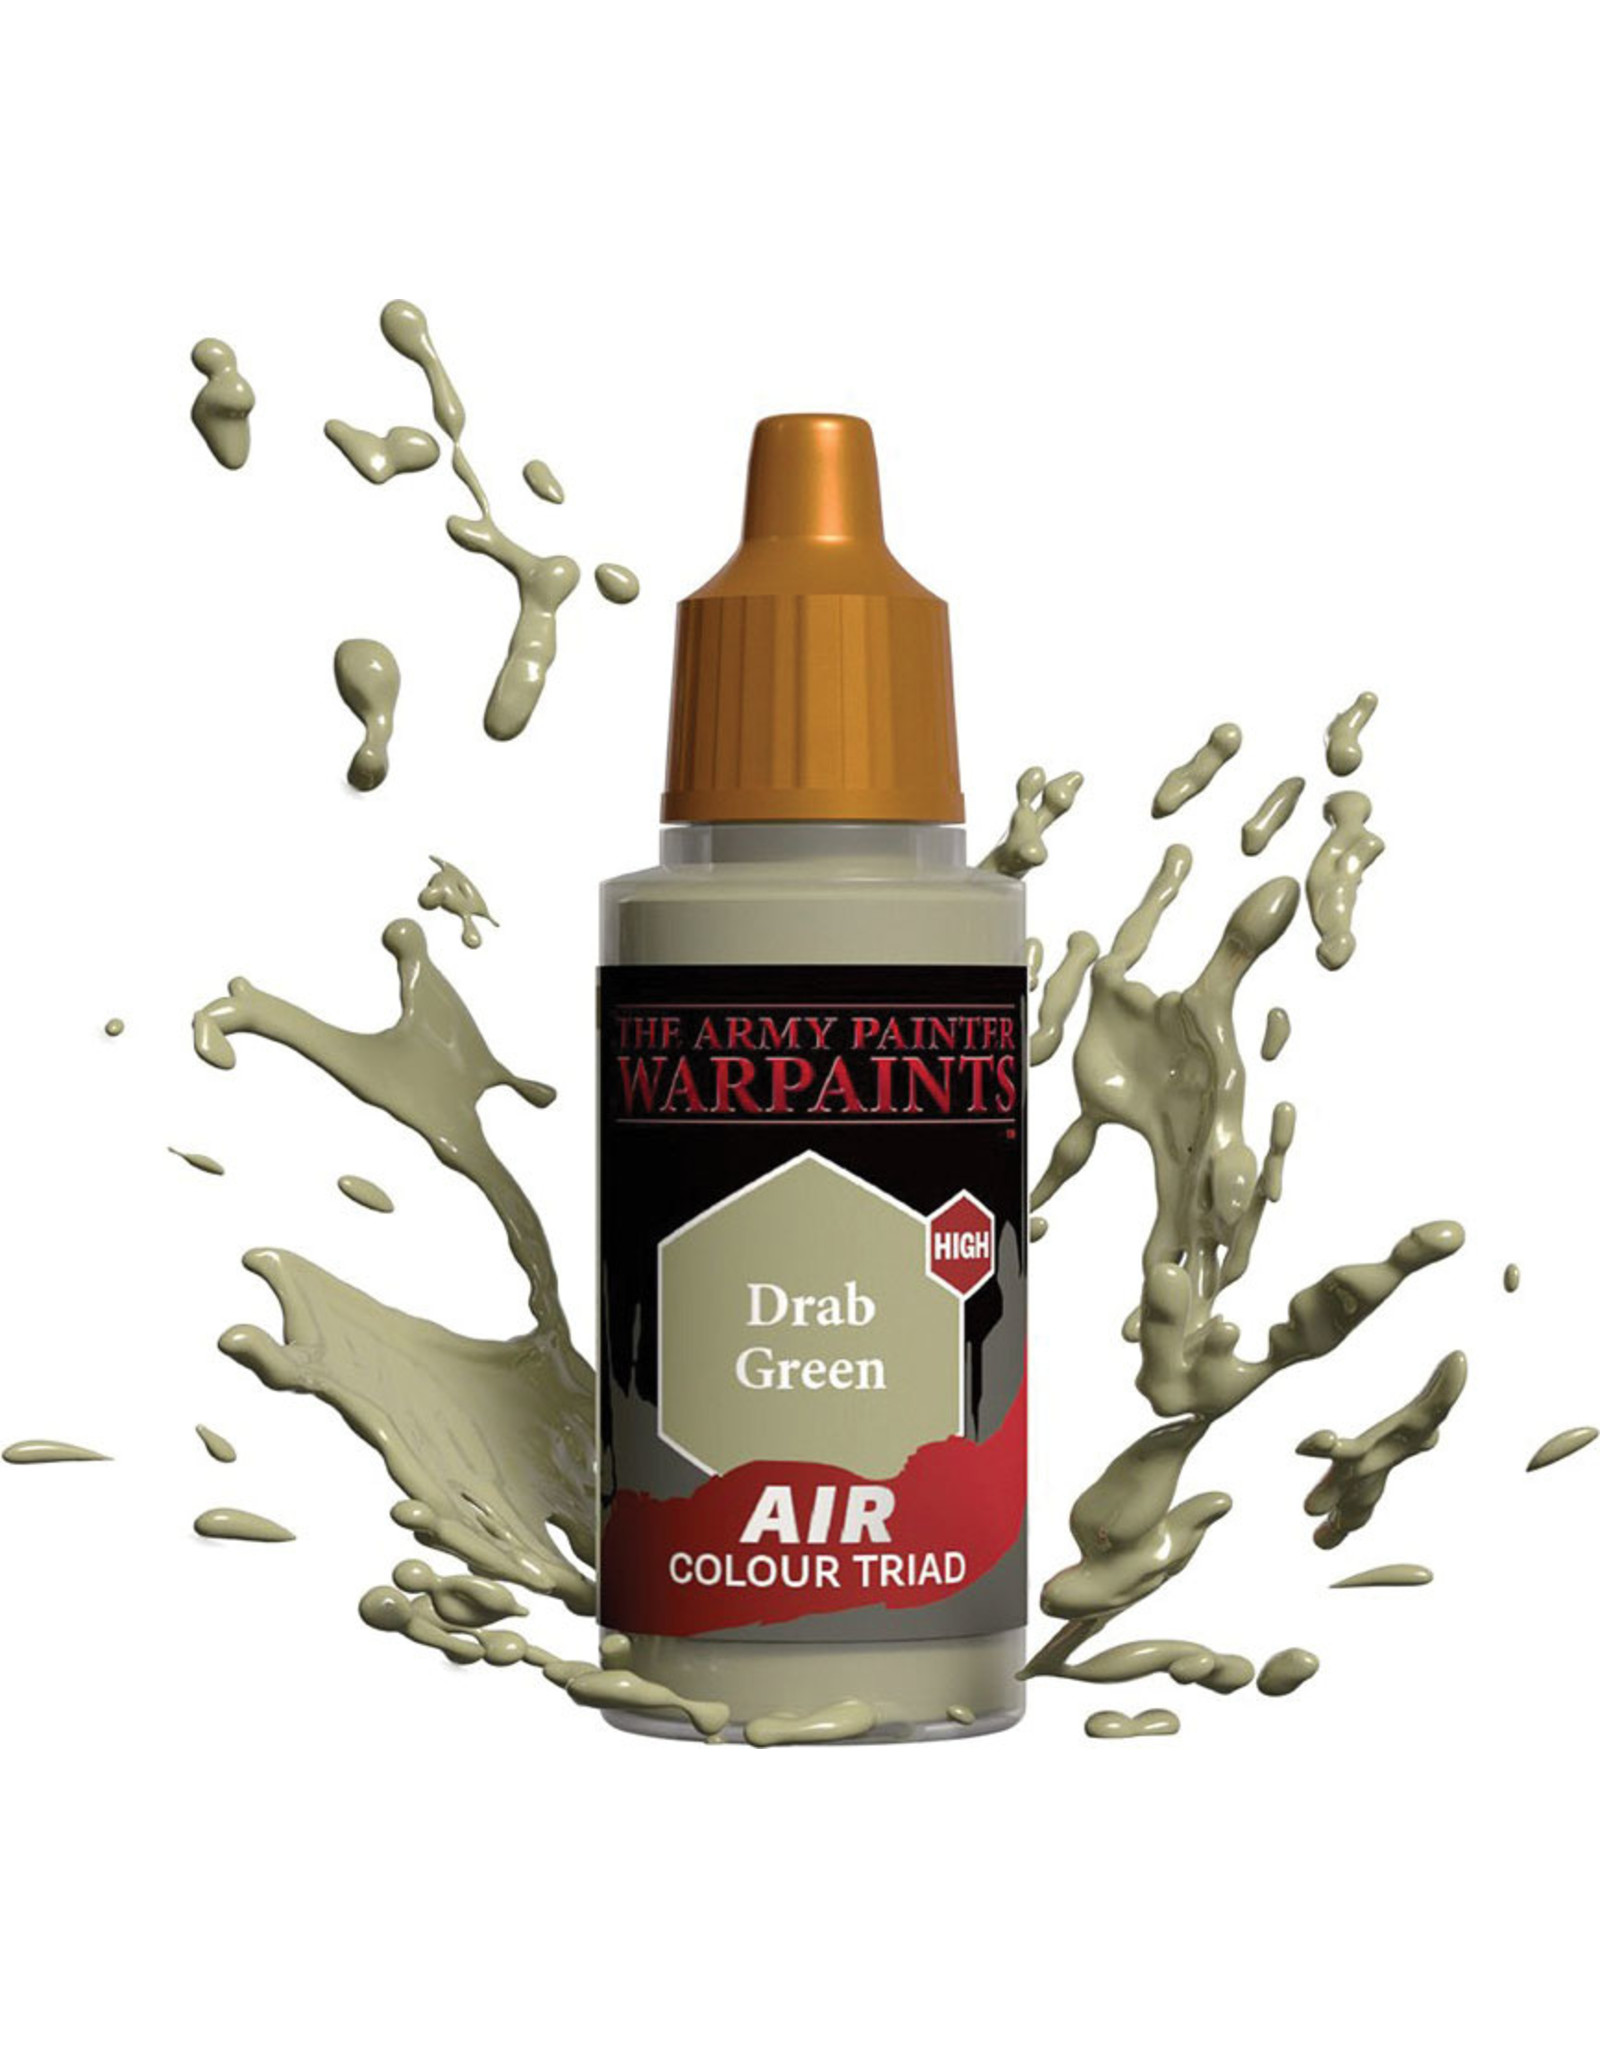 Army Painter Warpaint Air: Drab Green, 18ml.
...
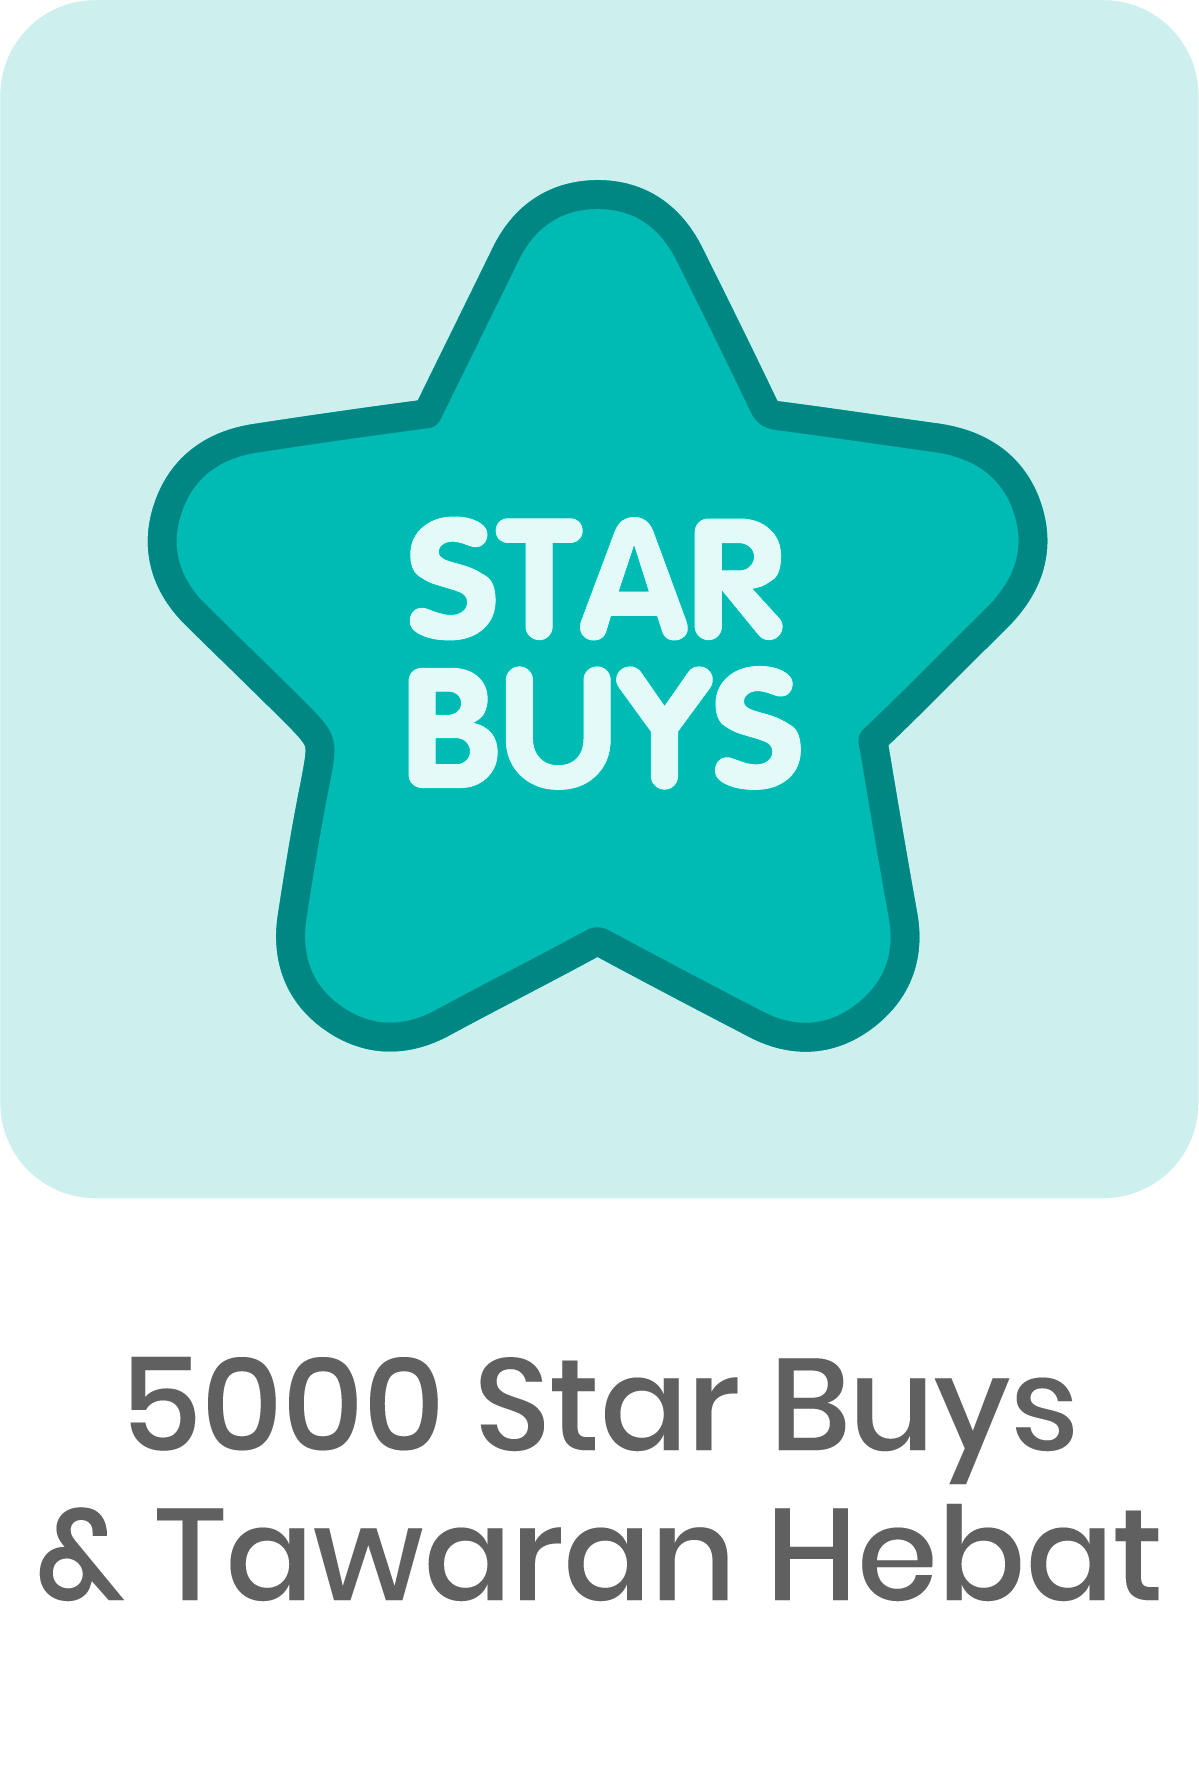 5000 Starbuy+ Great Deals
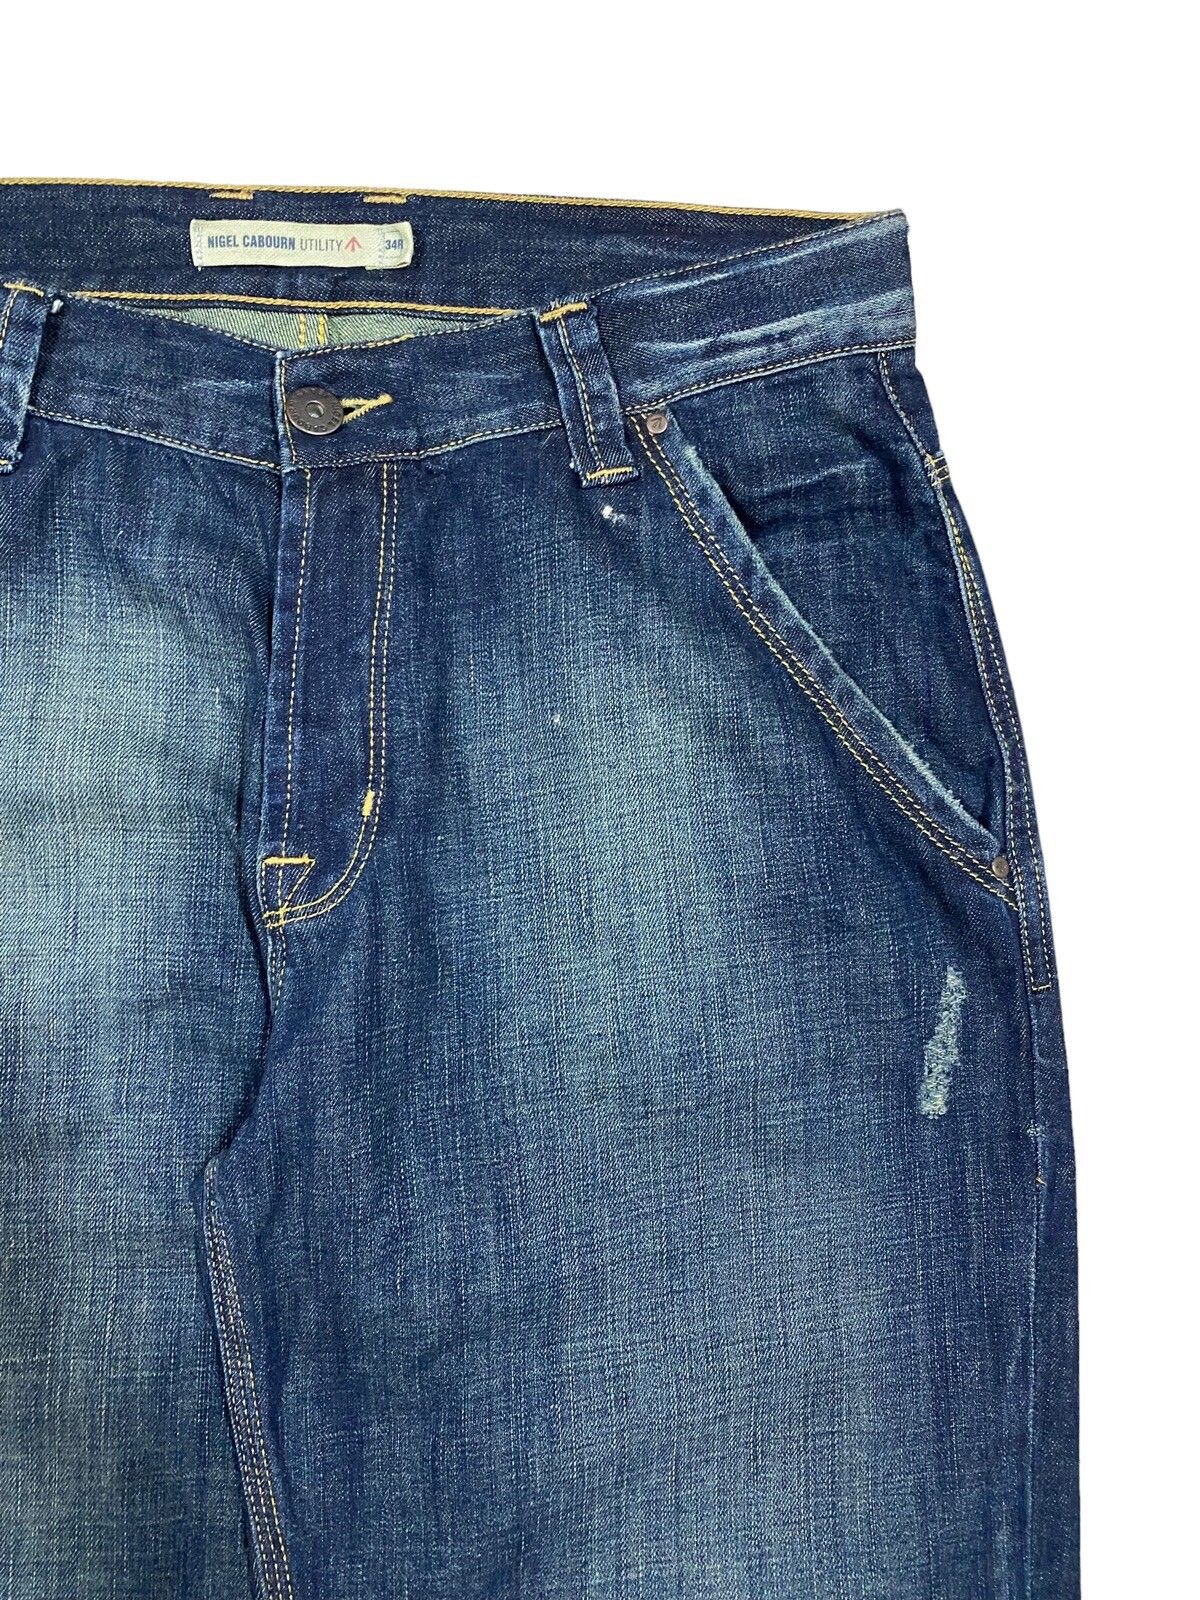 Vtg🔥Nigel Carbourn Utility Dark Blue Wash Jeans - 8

Assignment ▸ In the entries above, find the line that contains "5000 Starbuy+ Great Deals" and the line that contains "Vtg🔥Nigel Carbourn Utility". Reproduce exactly those two lines and every line between them, but not the pictures.

Task result ▸
 5000 Starbuy+ Great Deals
 Vtg🔥Nigel Carbourn Utility Dark Blue Wash Jeans - 8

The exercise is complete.